United States security concerns in the Caribbean Community

Once could be chance. Twice might be coincidence. Thrice, however, seems a lot like a campaign. It was extraordinary for three high-level meetings between United States administration and Caribbean Community officials to take place in the space of only two months.

US Secretary of State Hillary Rodham Clinton’s visit to Bridgetown last week for a meeting of Caricom foreign ministers was the latest in the series. It came only a fortnight after US Attorney General Eric Holder’s one-day dialogue with Caricom ministers of national security in Washington DC. That meeting took place six weeks after US Secretary of Defence Robert Gates had gone to Barbados to confer with the seven prime ministers of the Regional Security System member states.

All three US officials claimed that their respective meetings had the same mission – promoting US President Barack Obama’s ‘Caribbean Basin Security Initiative’ that was announced at the Fifth Summit of the Americas in Trinidad and Tobago last year.
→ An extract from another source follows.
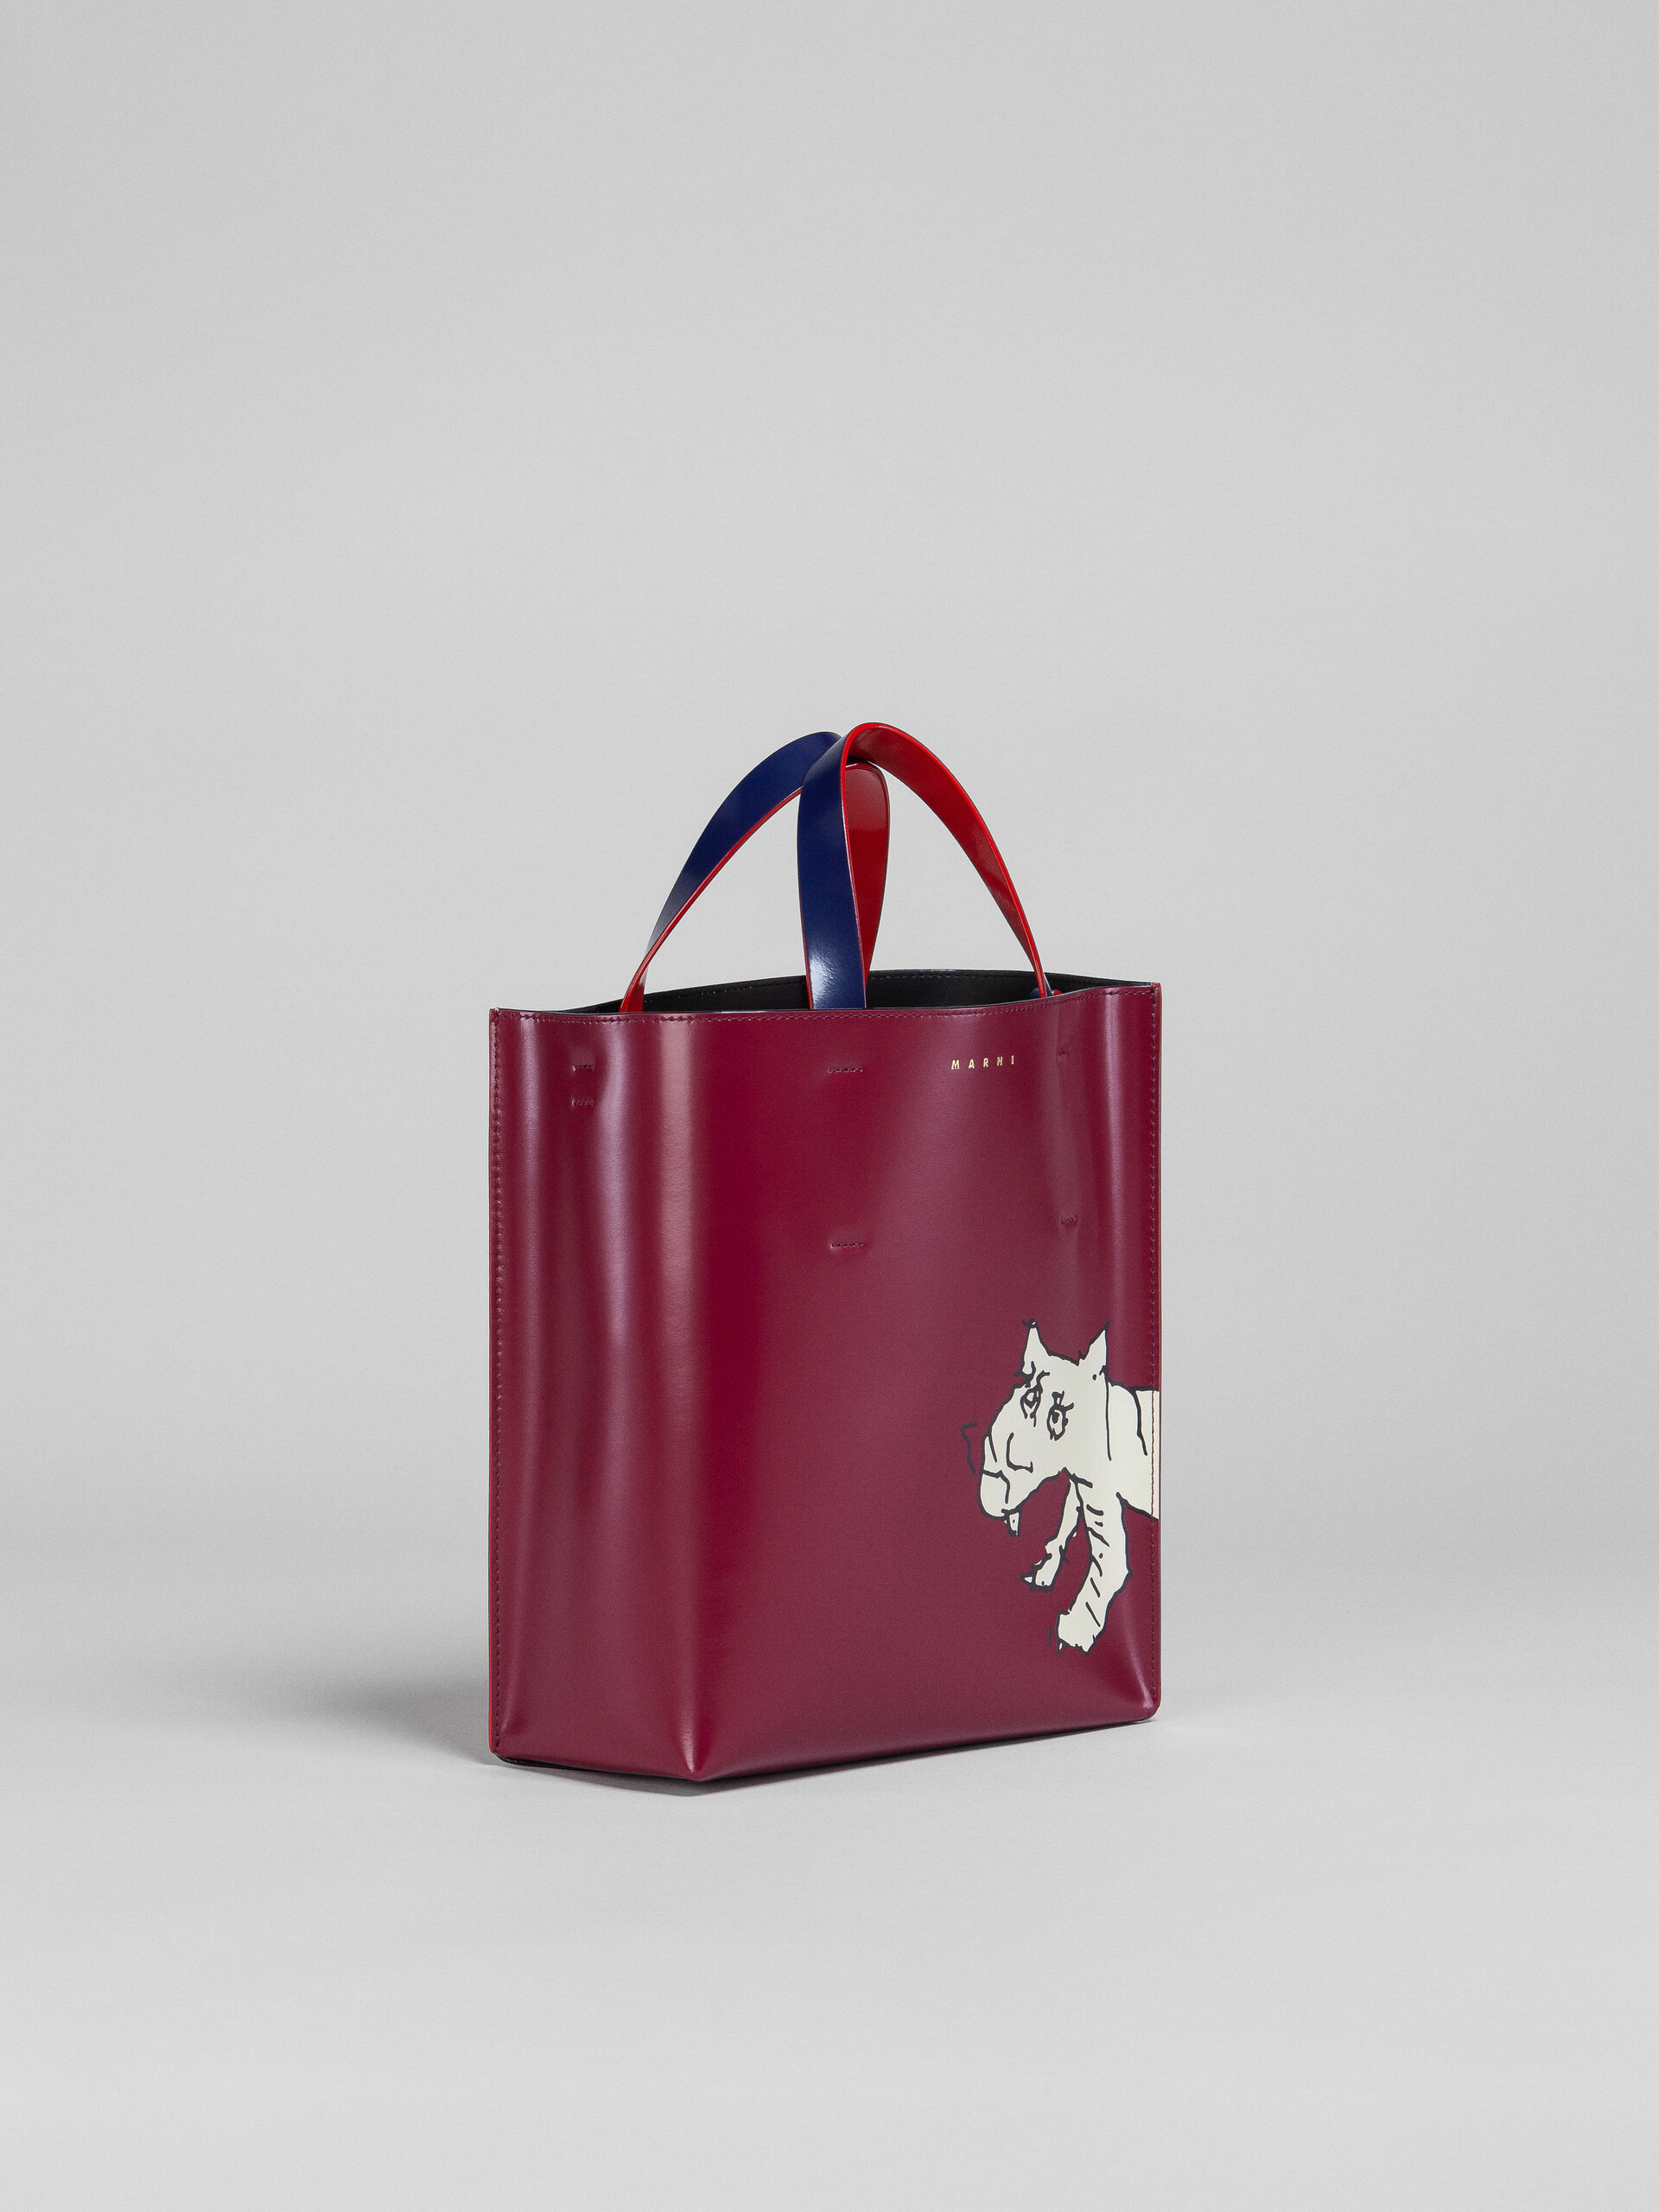 Tiger polished leather small MUSEO bag - Shopping Bags - Image 6

But there must have been other urgent motives for the spate of hasty, high-level meetings.

US administration officials said that they were alarmed by the surge in narcotics-related violence in the Caribbean and wanted to help states to combat drug-traffickers and gun-runners.  Mrs Clinton told the Bridgetown meeting that “addressing transnational security challenges in the twenty-first century requires a comprehensive approach. CBSI means working together, not only to strengthen national security forces and anti-trafficking efforts, but also focusing on broader citizen safety partnerships and social inclusion.”

She is correct. There is no doubt that narco-trafficking has imported violent crime into the region and it would be wise for Caribbean mini-states to collaborate with the world’s superpower.  The recent security crisis in Jamaica surrounding the attempt to extradite the smuggler Christopher ‘Dudus’ Coke was certainly an extreme case of drug-related criminal violence. Worse, it exposed the possible involvement of senior members of the Jamaica Labour Party administration in protecting, or providing succour to, criminals.

The notorious Guyanese drug-smuggler Shaheed ‘Roger’ Khan’s trial uncovered evidence that at least one senior member of the People’s Progressive Party administration was allegedly involved in the acquisition of electronic eavesdropping equipment which came into the hands of the drug-smuggler to target his victims.

The results of Suriname’s 25 May elections were another cause for concern. The polls will almost certainly bring to power the National Democratic Party-led Mega Combinatie and the A-Combinatie. Both leaders – Desi Bouterse and Ronnie Brunswijk – have been convicted by courts in the Netherlands for drug-smuggling.

The US must be concerned that governments of Caricom states can come under the control of parties which are complicit in, or which are not fully committed to, combating the narcotics trade. The US must be concerned also about curbing the influence of Venezuela’s President Hugo Chávez and containing his Bolivarian Alternative for the Americas. Guyana’s President Bharrat Jagdeo’s grumbling about US policies and Suriname’s Colonel Desi Bouterse’s anti-American mutterings over the years must have added to US concerns about the policies of these two Caribbean Community states.

Mrs Clinton’s fleeting meeting with Caribbean foreign ministers produced yet another document – The Commitment of Bridgetown: Partnership for Prosperity and Security.  Caricom already has oodles of documents and it already has its own security plans. These are embodied especially in its 2006 Treaty on Security Assistance among CARICOM Member States and its Regional Framework for the Management of Crime and Security.

Given Caricom’s needs, the US administration could expend its time, visits and money more gainfully in helping the Caribbean Community to strengthen its existing security superstructure instead of inventing fresh ill-funded initiatives.